Task brief: Leave the pictures out. Return the rest of the listing below exactly.

───── Dataset section ─────

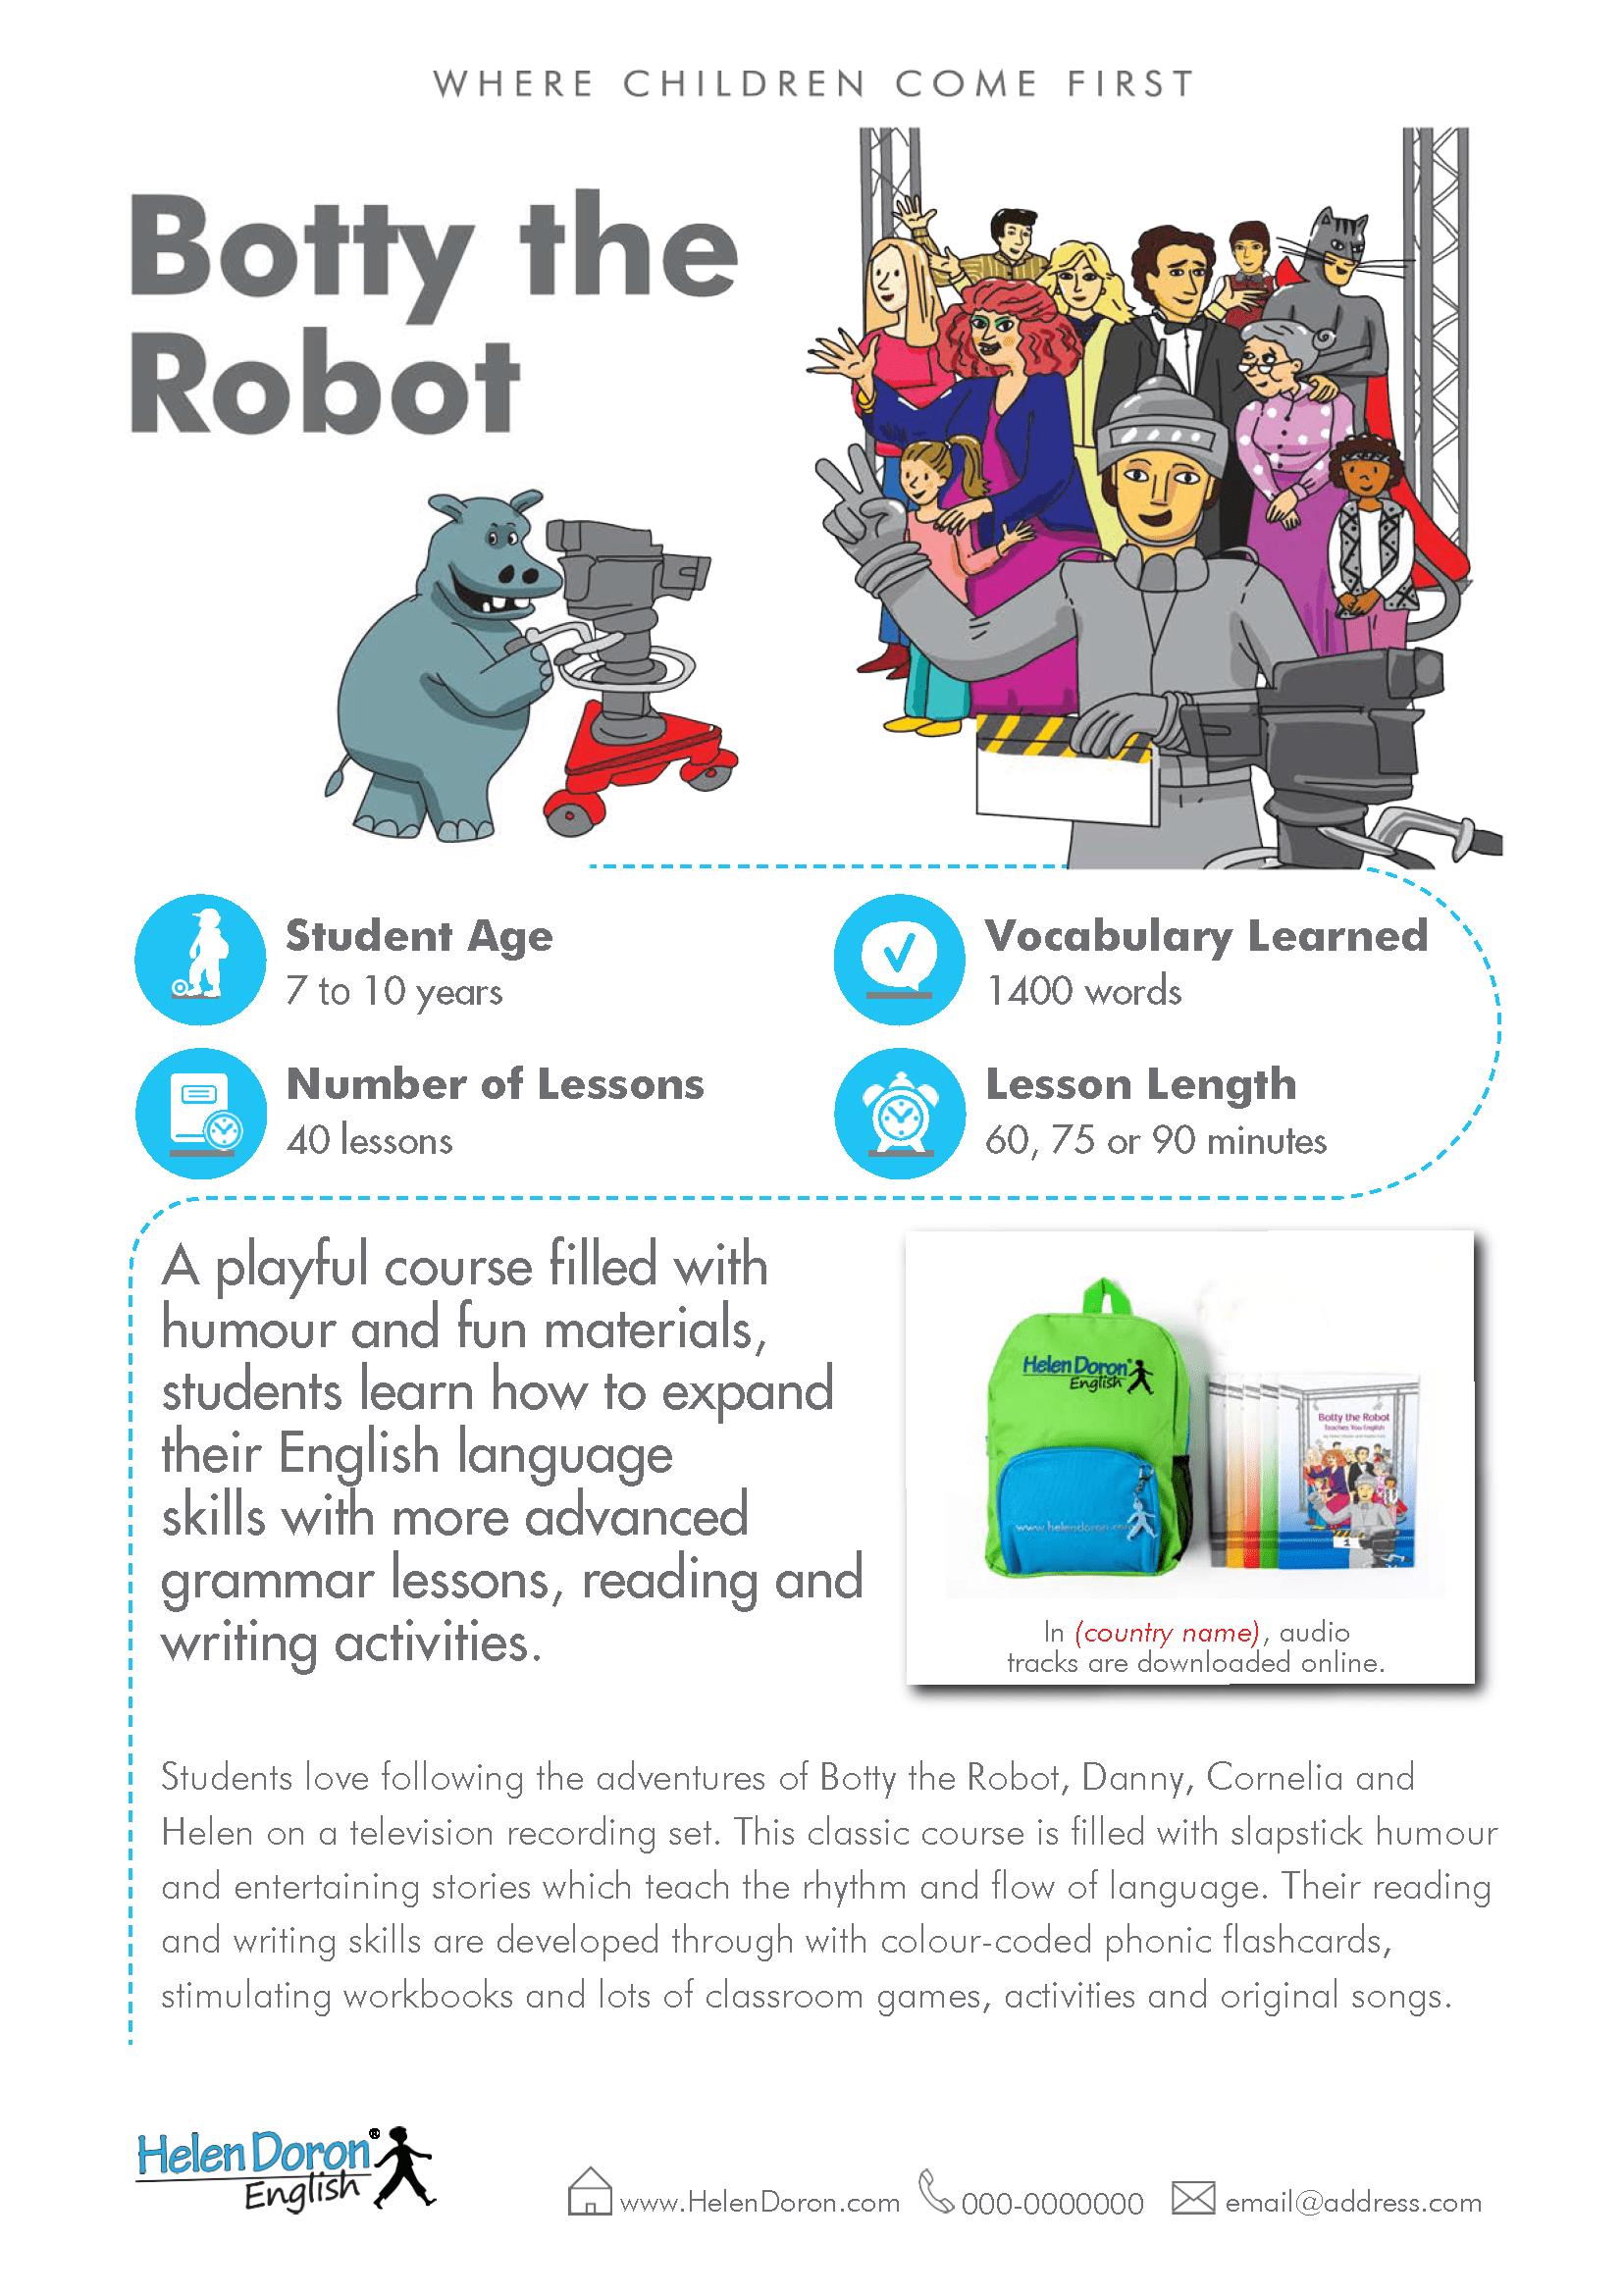 Descargar - Botty the Robot 
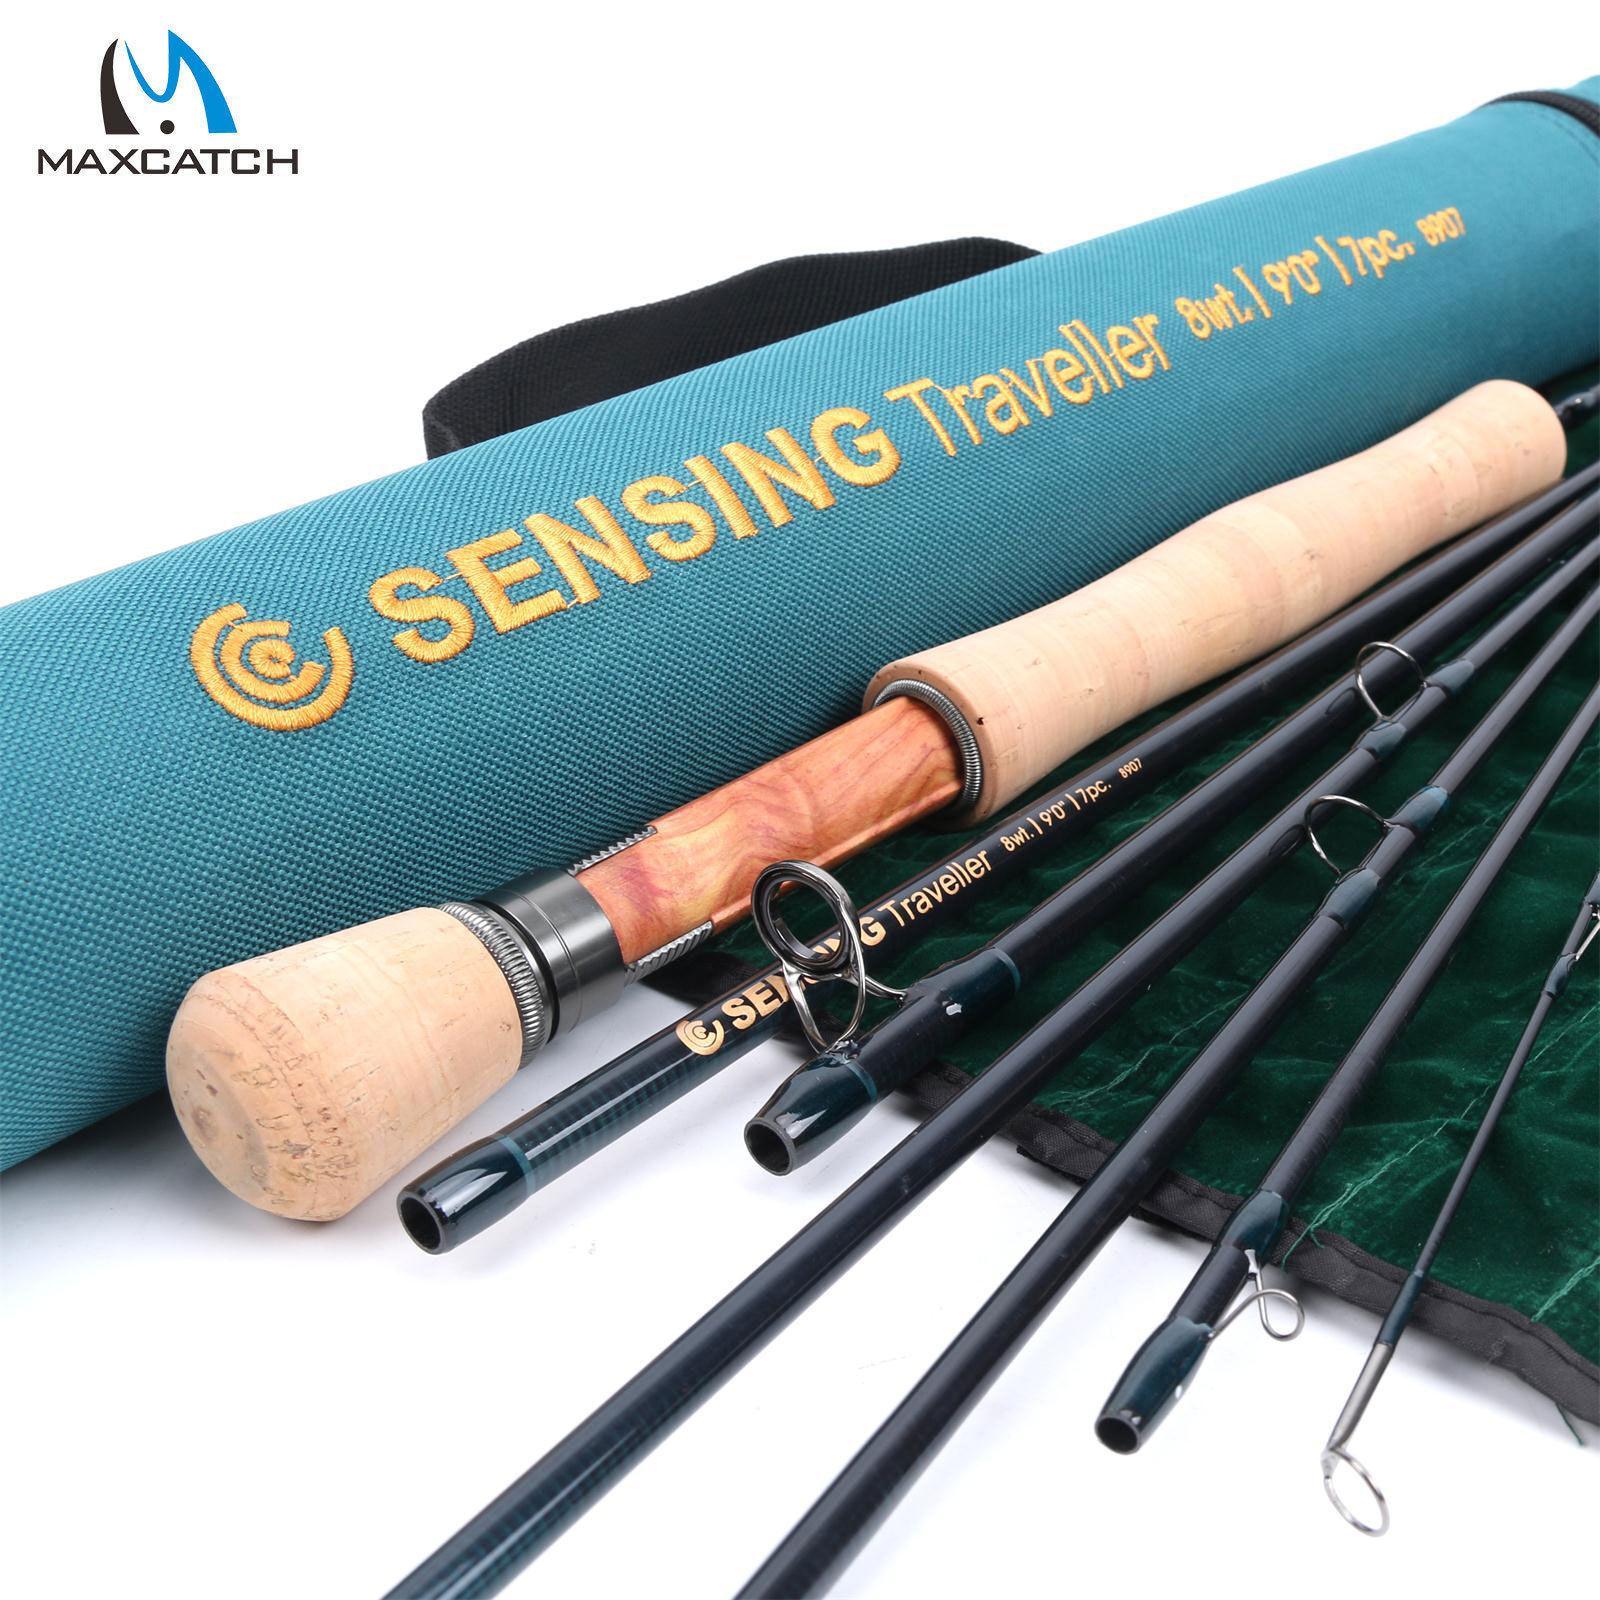 Maxcatch Fly Fishing Rod rilevamento Traveler 5678wt 9ft 7pcs MediumFast & TUBO
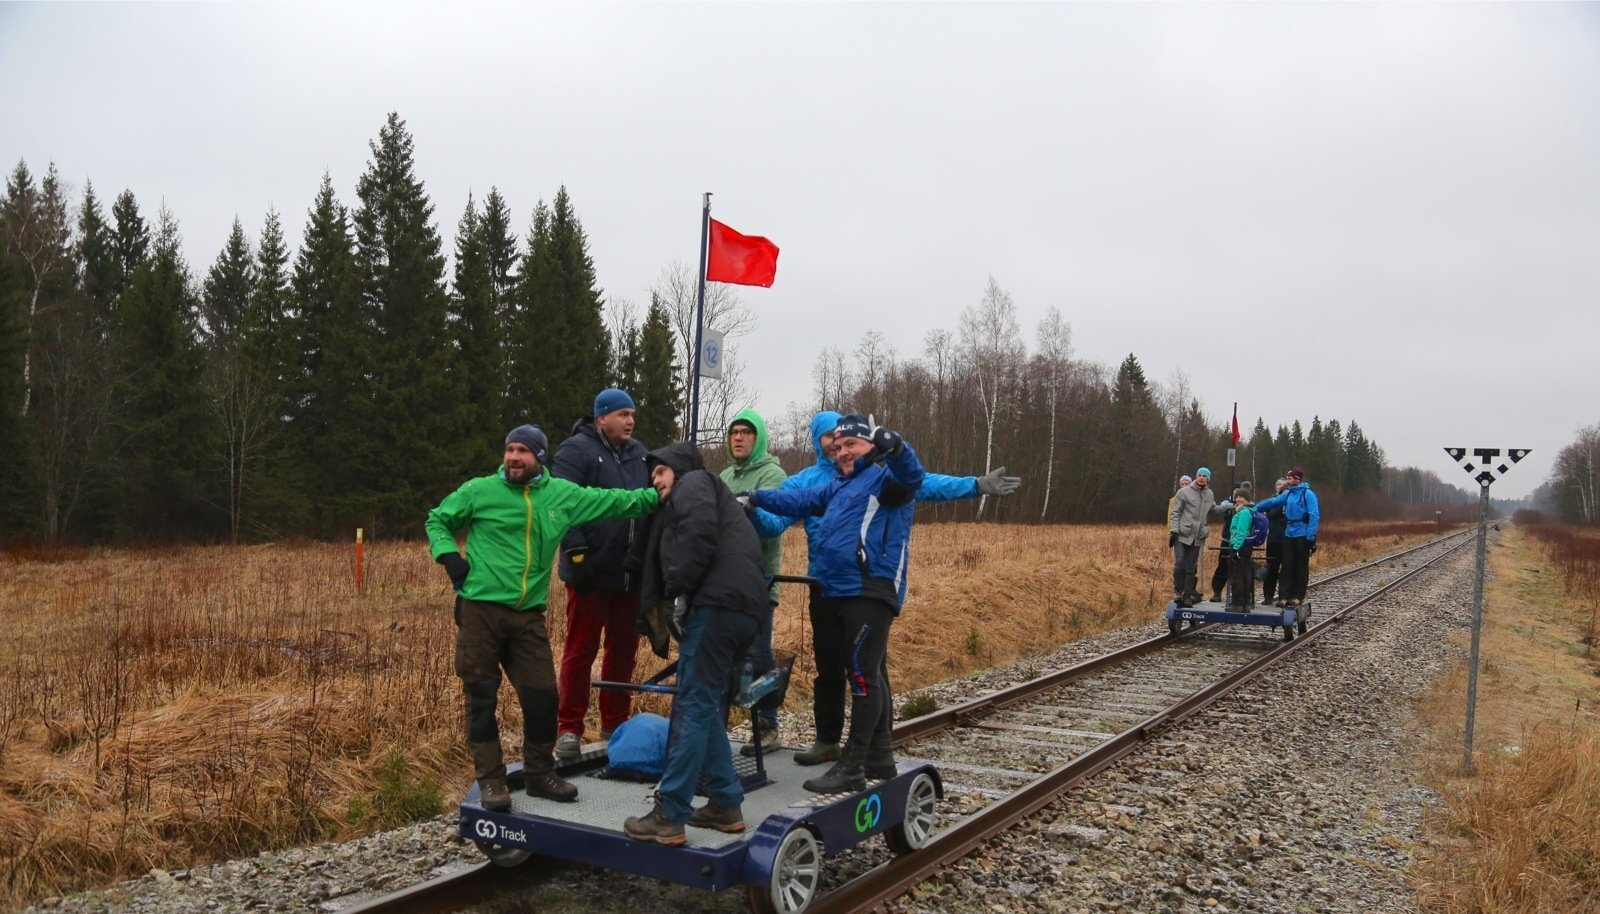 Dresiinimatk Lelle-Pärnu raudteelõigul lõppenud reisirongiliikluse mälestamiseks
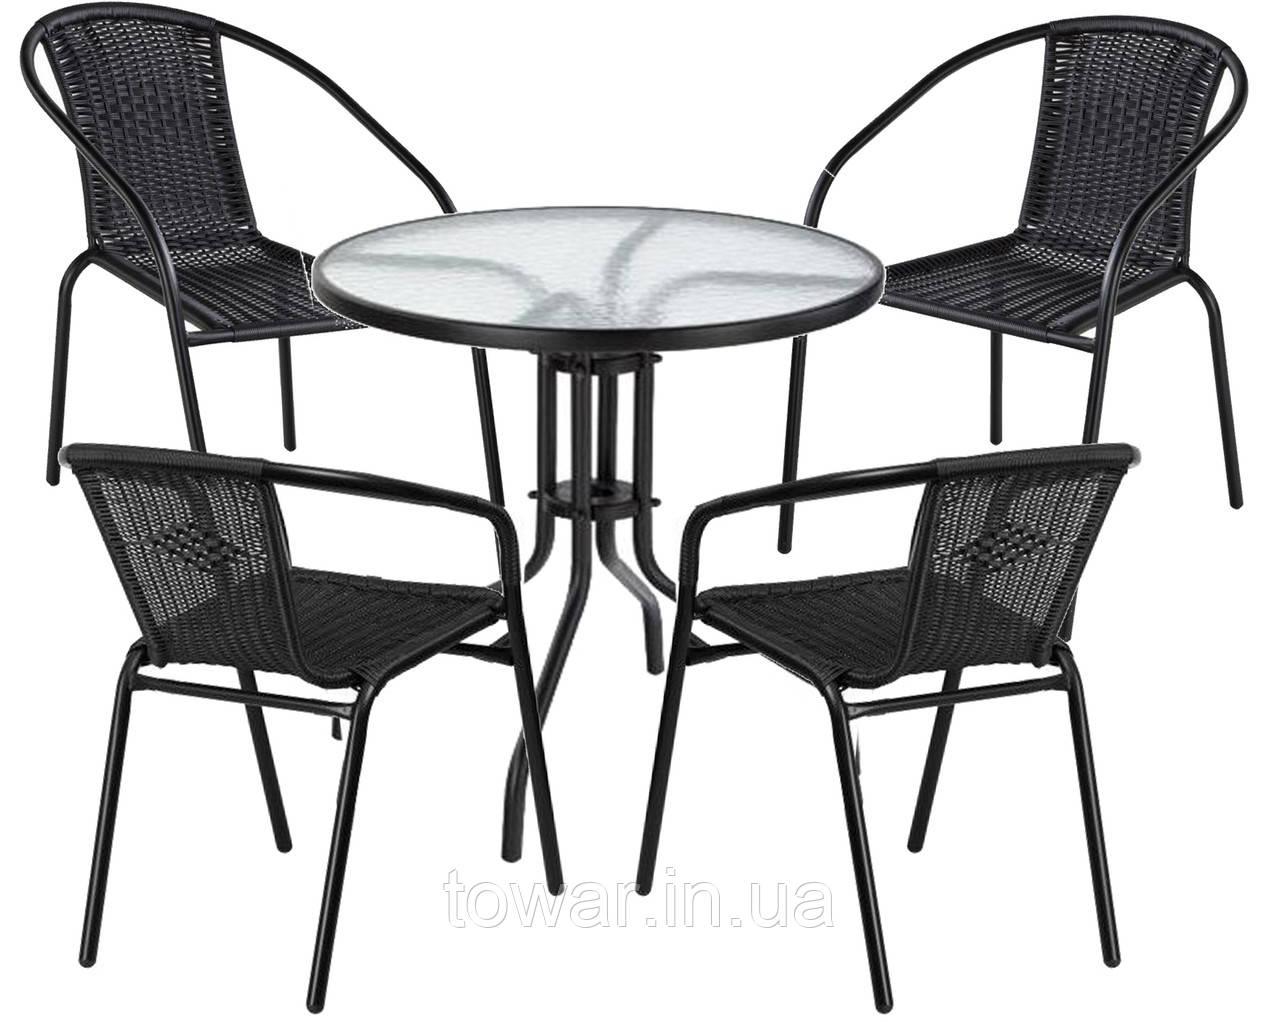 Набор садовой мебели Bistro стол +4 кресла Польша

─────

Finished exercise:
 Descargar - Botty the Robot 
 Maxcatch Fly Fishing Rod rilevamento Traveler 5678wt 9ft 7pcs MediumFast & TUBO
 Dresiinimatk Lelle-Pärnu raudteelõigul lõppenud reisirongiliikluse mälestamiseks
 Набор садовой мебели Bistro стол +4 кресла Польша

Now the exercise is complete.